Versicherte haben, soweit ihre Krankenkasse einen Zusatzbeitrag erstmalig erhebt oder einen bestehenden Zusatzbeitrag erhöht, ein Sonderkündigungsrecht. Diese Kündigungsmöglichkeit besteht auch dann, wenn die 18-monatige Bindefrist noch nicht erfüllt ist. Eine Kündigung der Mitgliedschaft ist somit zum Ablauf des übernächsten Kalendermonats möglich - gerechnet von dem Monat, in dem das Mitglied die Kündigung erklärt.

Die Mitgliedschaft in der neuen Krankenkasse kann nach Ablauf der Kündigungsfrist von zwei Monaten - gerechnet ab Beginn des Folgemonats - beginnen. Bis zum Beginn der Mitgliedschaft in der neuen Kasse ist der Zusatzbeitrag in voller Höhe bei der alten Krankenkasse zu entrichten.

Eine außerordentliche Kündigung ist möglich, wenn ein oder mehrere zugelassene Gründe dafür angegeben werden. In diesem Fall braucht für eine rechtswirksame Kündigung keine Mindestmitgliedschaft von 18 Monaten bestanden haben.

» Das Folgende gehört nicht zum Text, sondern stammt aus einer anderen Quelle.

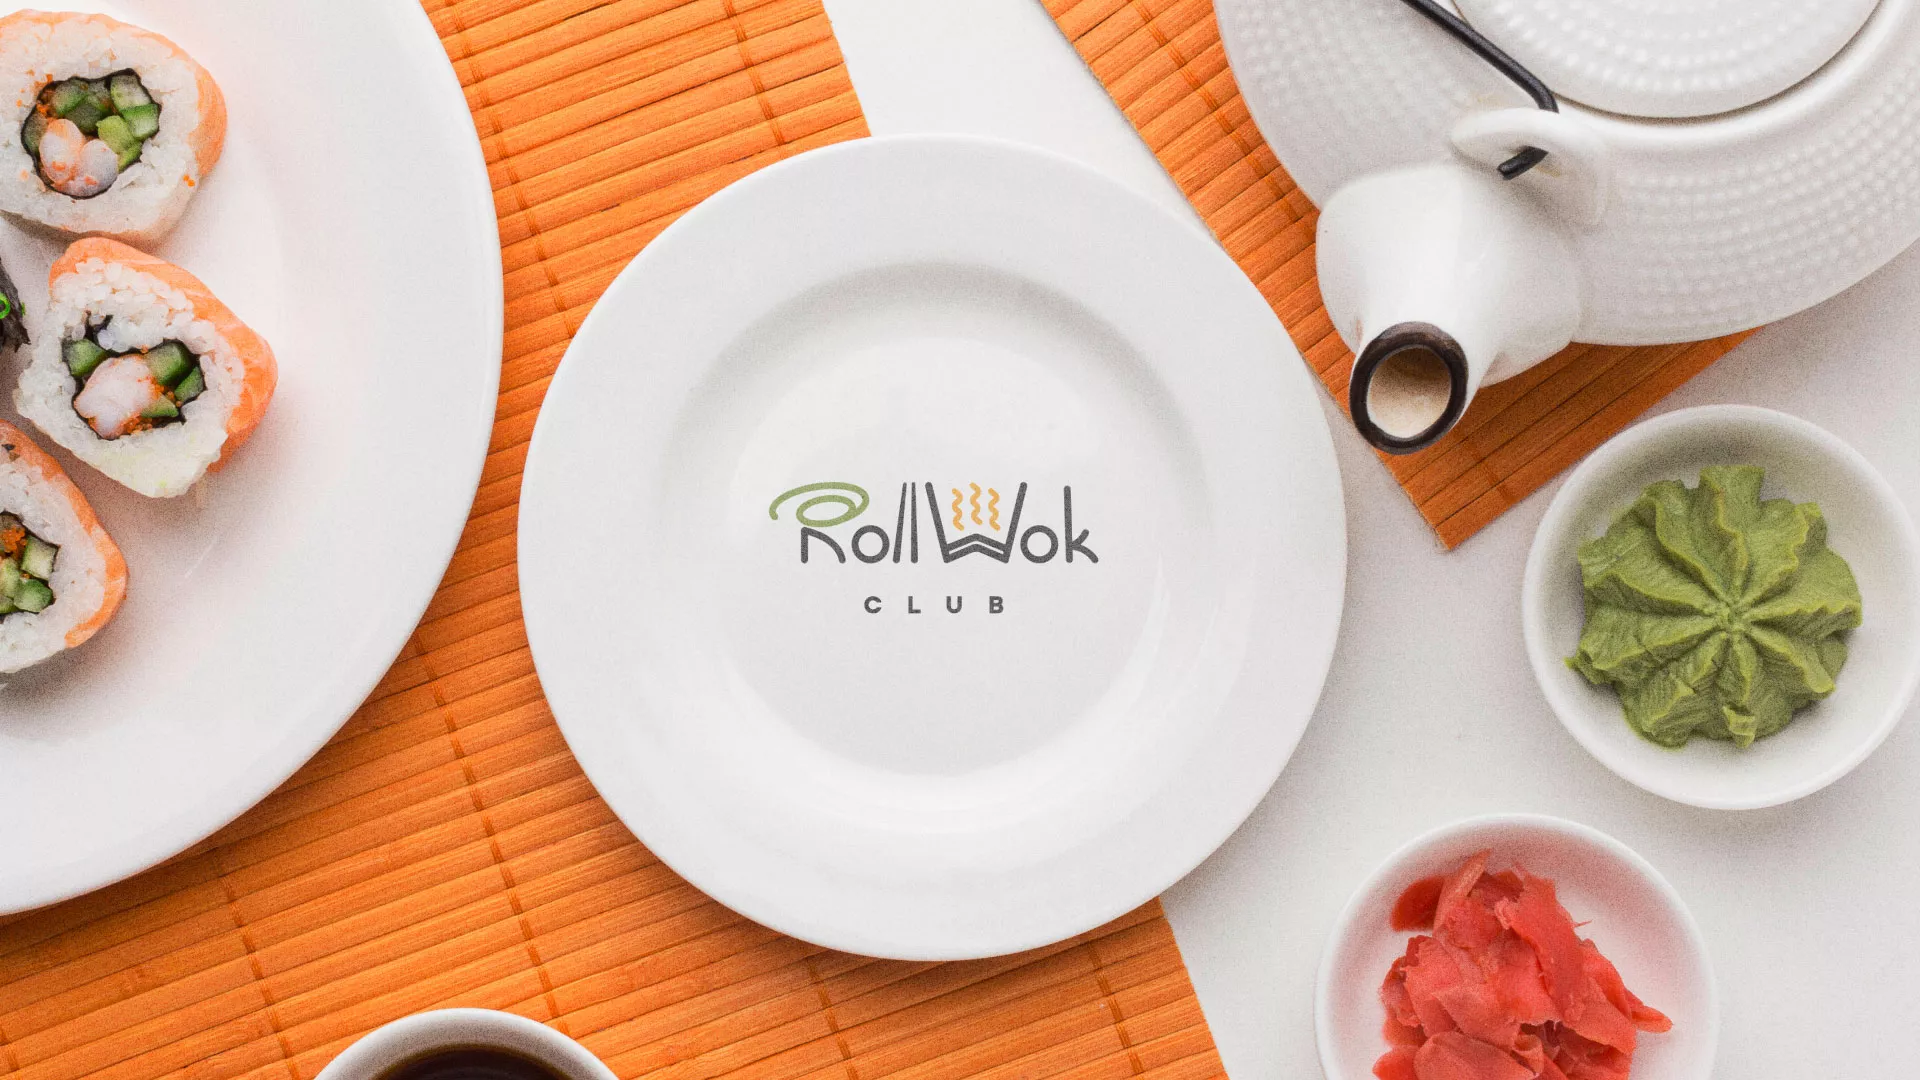 Разработка логотипа и фирменного стиля суши-бара «Roll Wok Club» в Новом Уренгое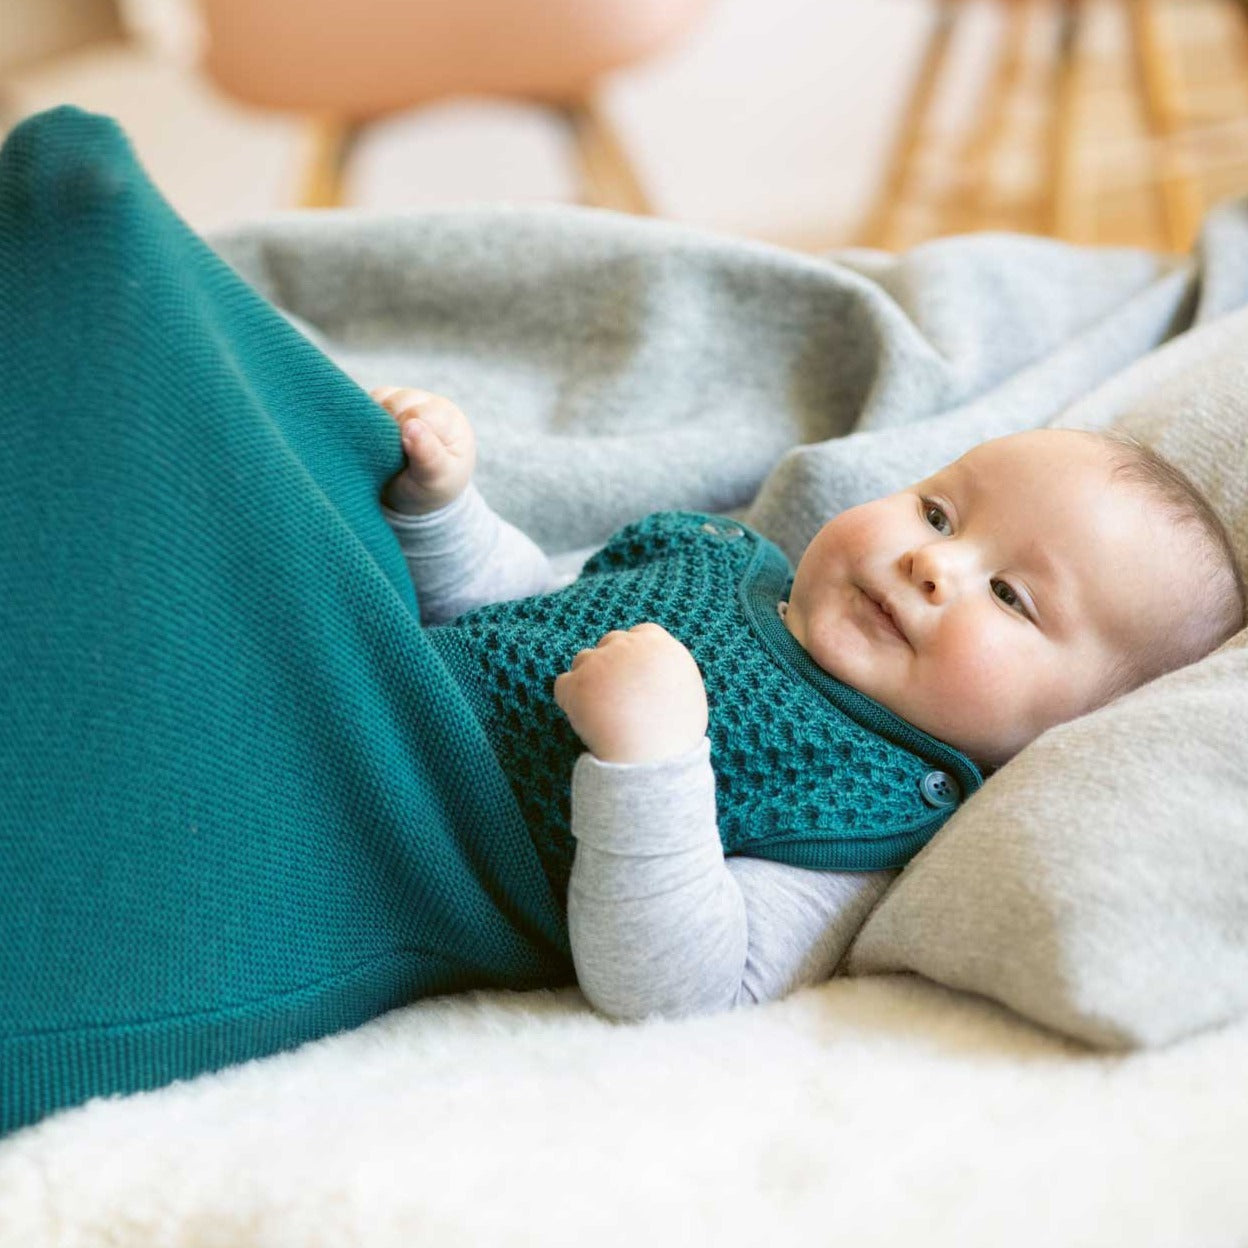 Hocosa Baby Body Wool/Silk - Green: Soft & Comfy!

Ganz genau wie bei einer ordentlichen Kündigung gilt aber die Kündigungsfrist von zwei Monaten zum Monatsletzten. Zugelassene Gründe sind auch hier, dass die Krankenkasse einen Zusatzbeitrag ankündigt oder beschließt, einen bestehenden Zusatzbeitrag zu erhöhen. Weiterhin gilt die Abmeldung wegen Auslandsaufenthalten oder einer dauerhaften Ausreise als zugelassener Grund.

AOK Bayern kündigt Beitragsanpassung an

Am vergangenen Dienstag kündigte die AOK Bayern in einer Pressemitteilung eine Anpassung des Zusatzbeitrags zum 1. Januar an. Der Gesamtbeitragssatz der AOK Bayern steigt 2016 um 0,2 Prozent auf dann 15,7 Prozent. Laut AOK werde durch die Beitragsanpassung ein höheres Leistungsniveau finanziert. Der Verwaltungsrat legte in der Satzung zusätzliche Vorsorgeaufwendungen, wie etwa für professionelle Zahnreinigung, Impfungen und Präparate für Schwangere, fest.

"Die zusätzlichen Ausgaben insbesondere für die vom Gesetzgeber bereits beschlossenen Leistungen und für die voraussichtliche Erhöhung der Vergütungen von Krankenhäusern, Ärzten und allen weiteren Vertragspartnern sowie für Arzneimittel werden rund 230 Millionen Euro über den erhöhten Zuweisungen aus dem Gesundheitsfonds liegen", sagt Dr. Helmut Platzer, Vorstandsvorsitzender der AOK Bayern.

Warum wird der Zusatzbeitrag angehoben?

Verantwortlich für die Erhöhung sind laut GKV-Spitzenverband die gestiegenen Kosten für Pflege, Prävention, Palliativmedizin, Klinikfinanzierung und Medikamente. Das derzeitige Beitragsniveau reiche nicht aus, diese Mehrausgaben zu decken, so der Verband auf einer Veranstaltung Mitte Oktober in Berlin.